INFORMATION SUPPLIED:
_ _ _
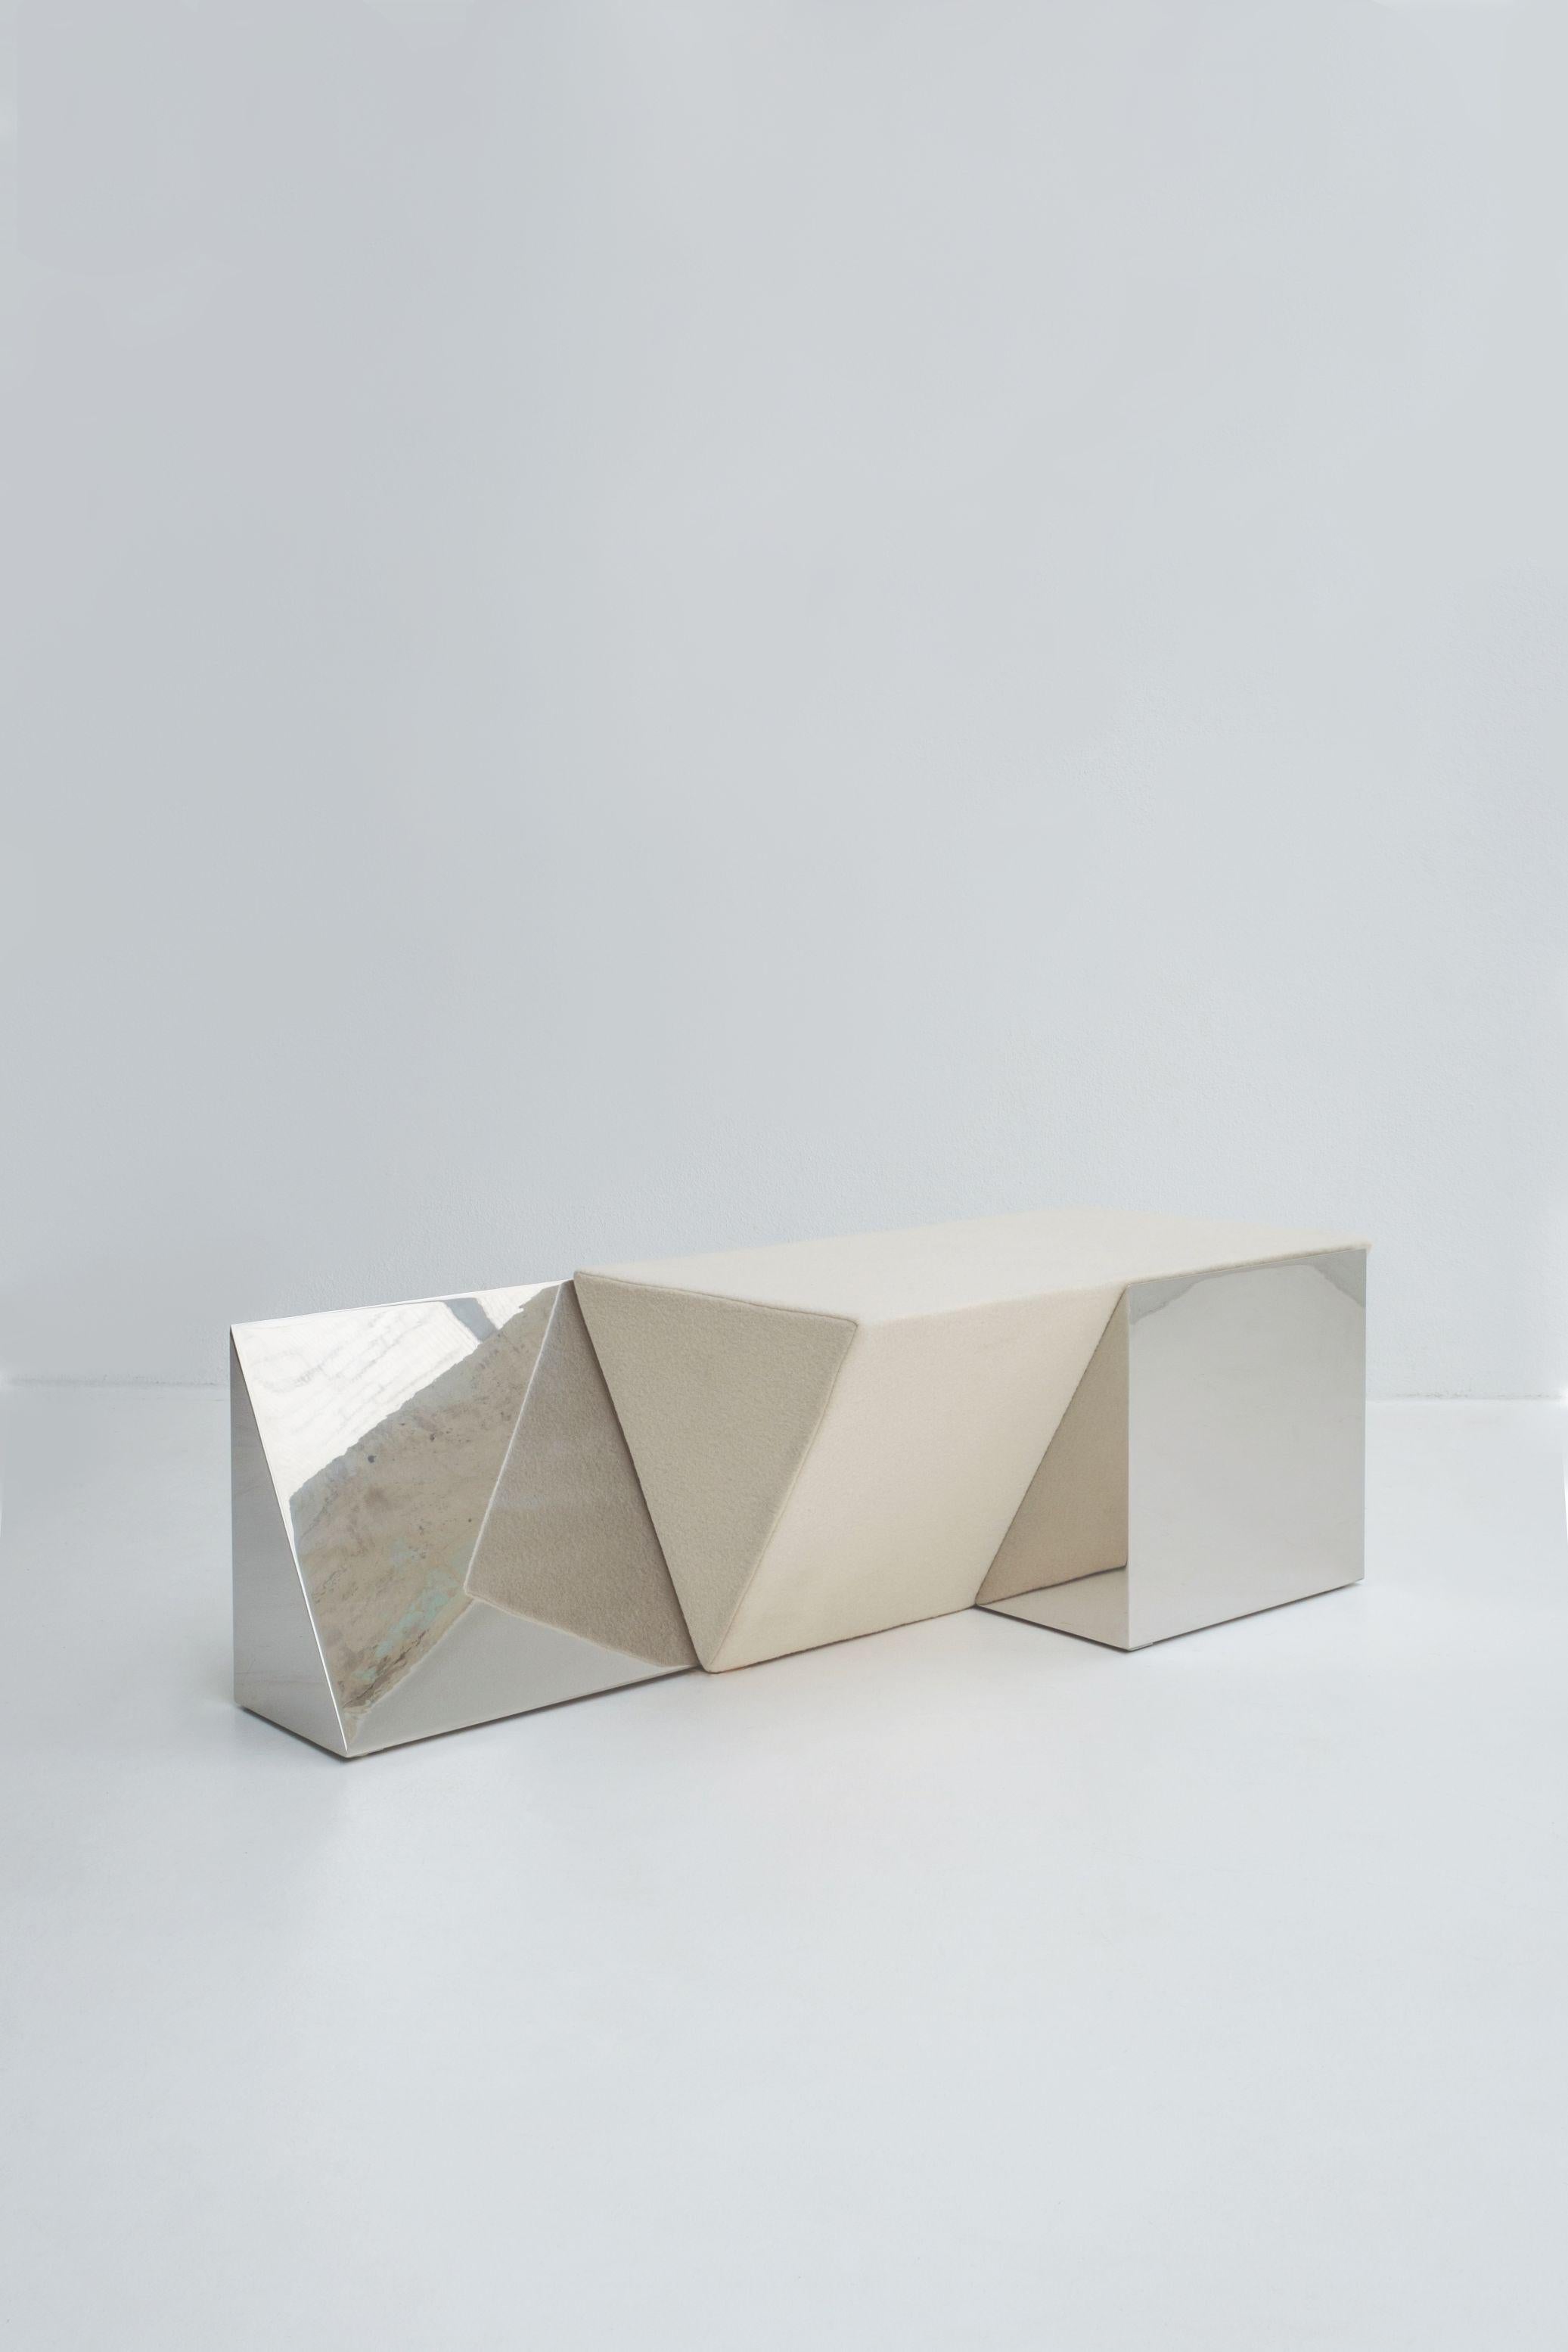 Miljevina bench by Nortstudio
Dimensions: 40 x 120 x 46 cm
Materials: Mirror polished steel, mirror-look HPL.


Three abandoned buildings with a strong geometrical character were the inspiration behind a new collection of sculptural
_ _ _
TASK DETAILS: The expected result is the data above in exact form, free of pictures.

SOLUTION TO THE PROBLEM:
 Miljevina bench by Nortstudio
Dimensions: 40 x 120 x 46 cm
Materials: Mirror polished steel, mirror-look HPL.


Three abandoned buildings with a strong geometrical character were the inspiration behind a new collection of sculptural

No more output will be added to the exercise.